2. Chunk Size : Chunk size is one of the key design parameters. We have chosen 64 MB,
which is much larger than typical file system block sizes. Each chunk replica is stored as
a plain Linux file on a chunkserver and is extended only as needed. Lazy space allocation
avoids wasting space due to internal fragmentation, perhaps the greatest objection against
such a large chunk size. A large chunk size offers several important advantages. First, it
reduces clients’ need to interact with the master because reads and writes on the same
chunk require only one initial request to the master for chunk location information.

The reduction is especially significant for our work loads because applications mostly
read and write large files sequentially. Even for small random reads, the client can
comfortably cache all the chunk location information for a multi-TB working set. Second,
since on a large chunk, a client is more likely to perform many operations on a given
chunk, it can reduce network overhead by keeping a persistent TCP connection to the
chunkserver over an extended period of time. Third, it reduces the size of the metadata
stored on the master.

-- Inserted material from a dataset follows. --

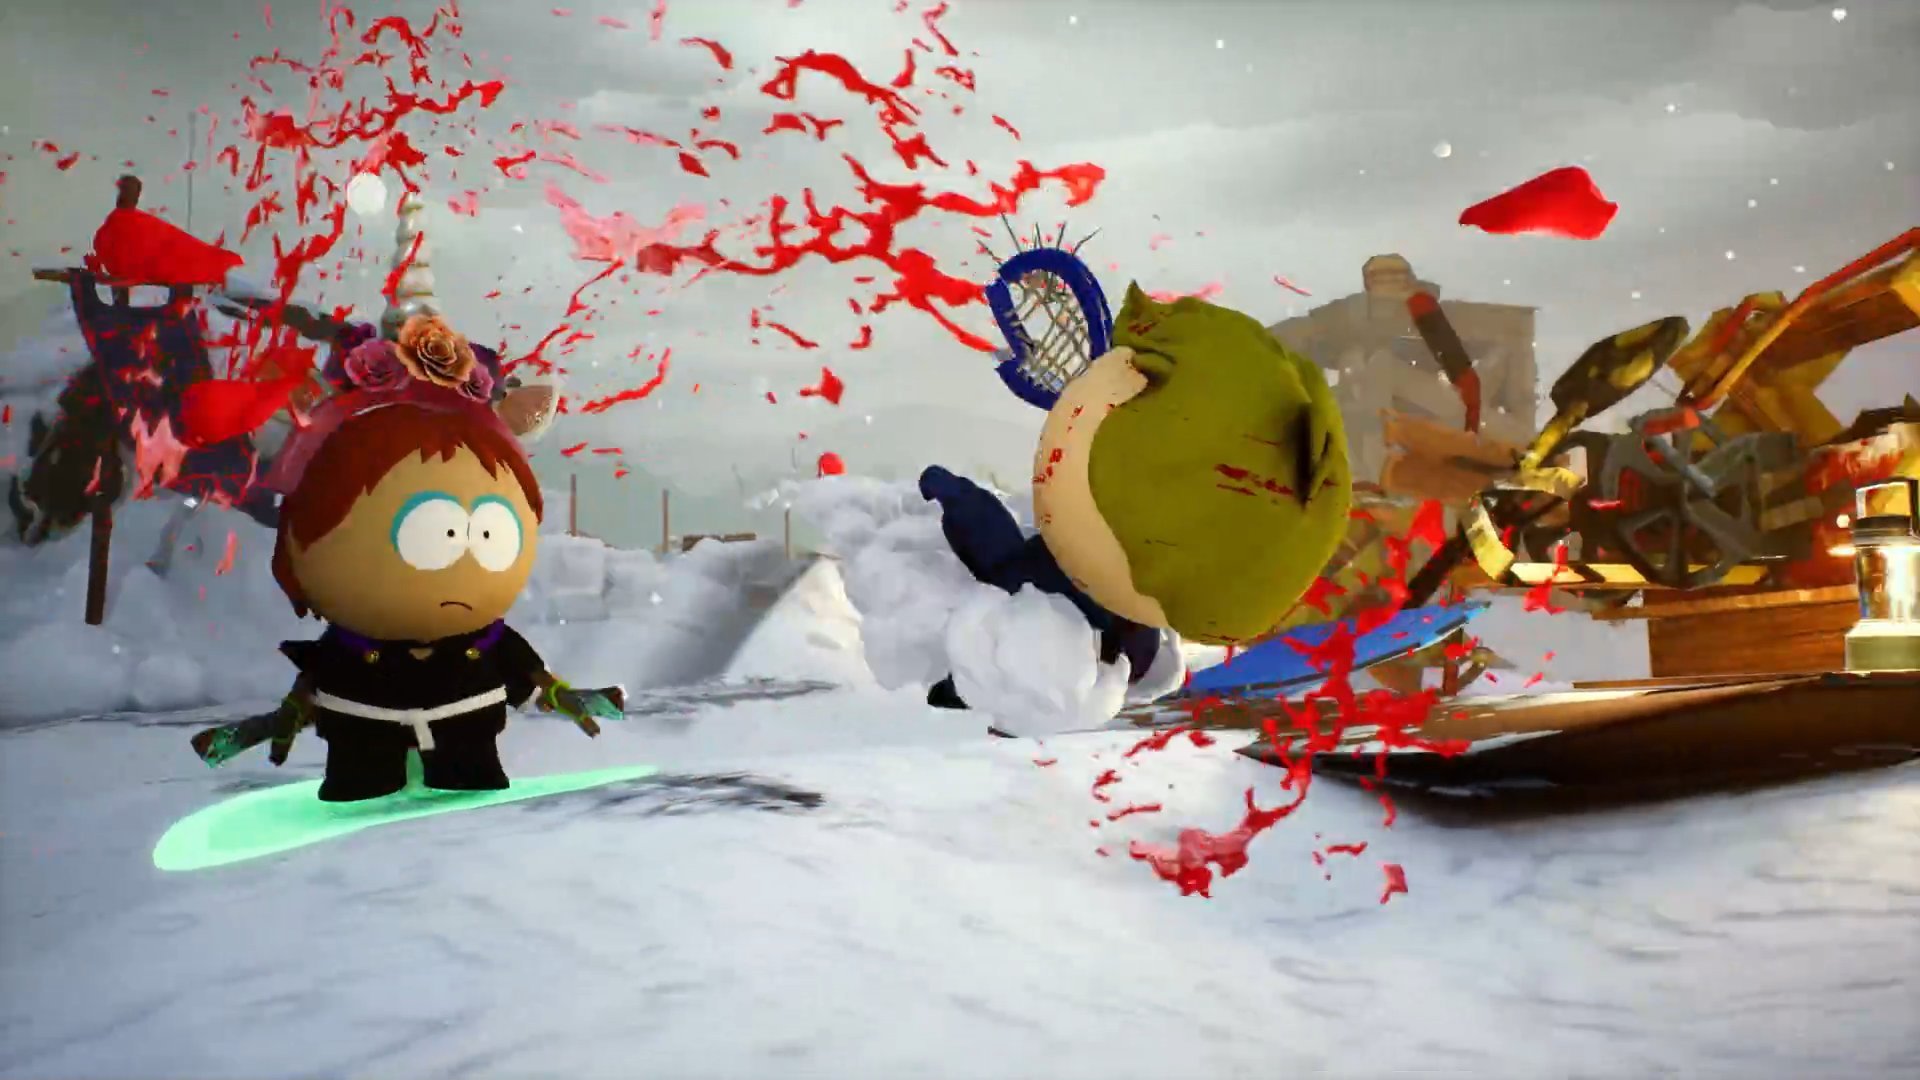 South Park Snow Day: A Hilarious Winter Adventure Awaits

This allows us to keep the metadata in memory, which in turn
brings other advantages . On the other hand, a large chunk size, even with lazy space
allocation, has its disadvantages. A small file consists of a small number of chunks,
perhaps just one. The chunkservers storing those chunks may become hot spots if many
clients are accessing the same file. In practice, hot spots have not been a major issue
because our applications mostly read large multi-chunk files sequentially. However, hot
spots did develop when GFS was first used by a batch-queue system: an executable was
written to GFS as a single-chunk file and then started on hundreds of machines at the
same time.

3. Metadata: The master stores three major types of metadata: the file and chunk
namespaces, the mapping from files to chunks, and the locations of each chunk’s replicas.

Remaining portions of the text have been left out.